*EXERCISE GOAL*
With the pictures set aside, write out all of the data exactly as it stands.

*DATA BELOW*
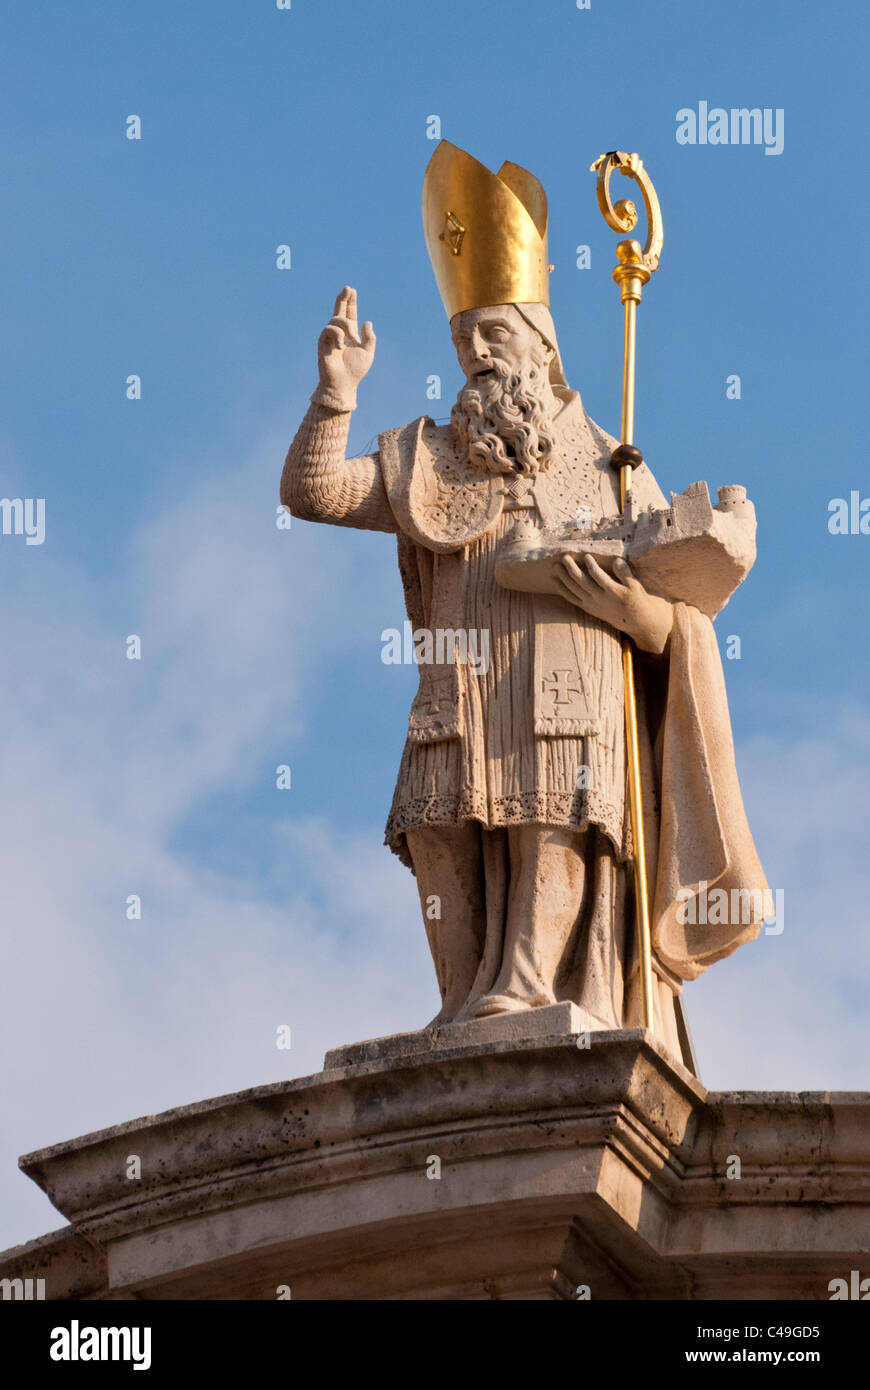 La statua di San Biagio sul tetto della chiesa di San Biagio è situato nella Città Vecchia, Dubrovnik, Croazia. Foto Stock
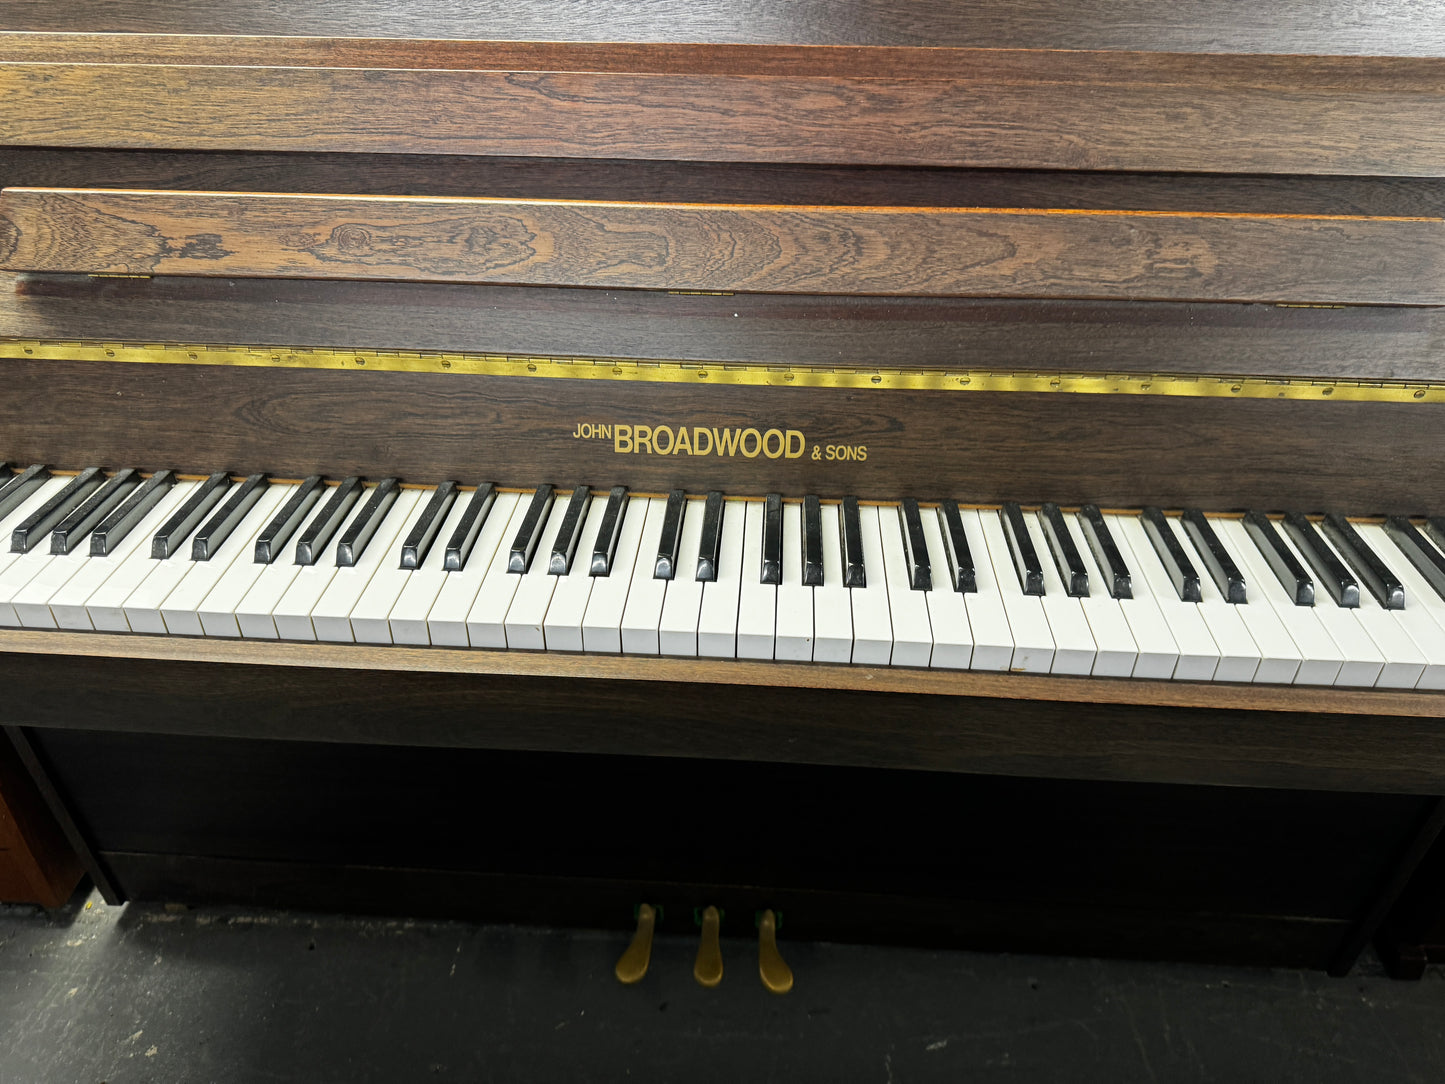 Broadwood Upright Piano
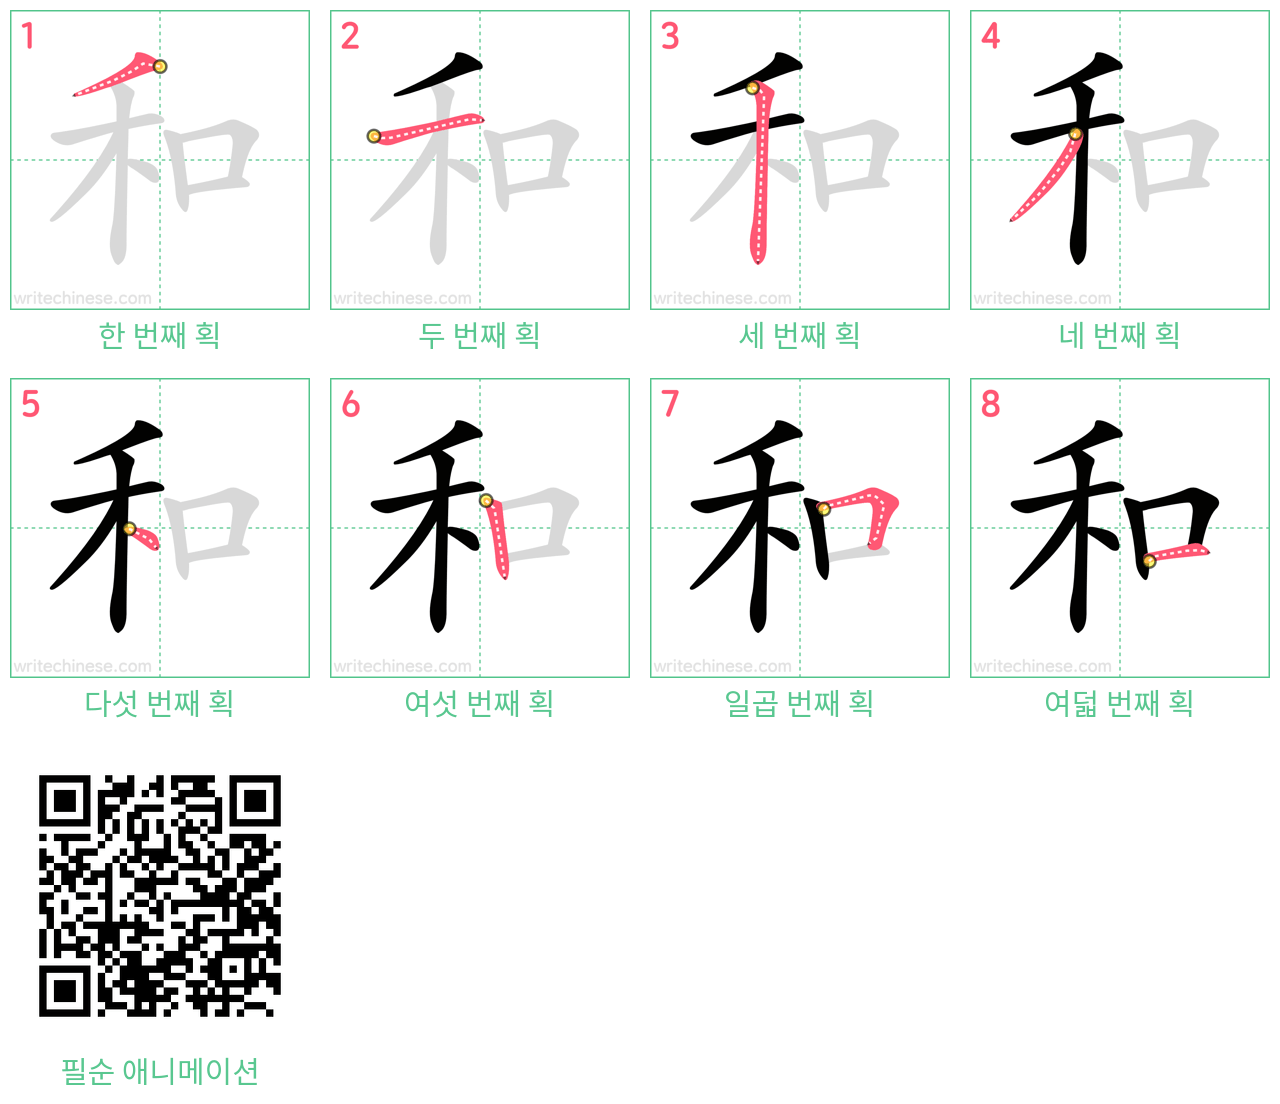 和 step-by-step stroke order diagrams

*OUTPUT*
 La statua di San Biagio sul tetto della chiesa di San Biagio è situato nella Città Vecchia, Dubrovnik, Croazia. Foto Stock
 Broadwood Upright Piano
 和 step-by-step stroke order diagrams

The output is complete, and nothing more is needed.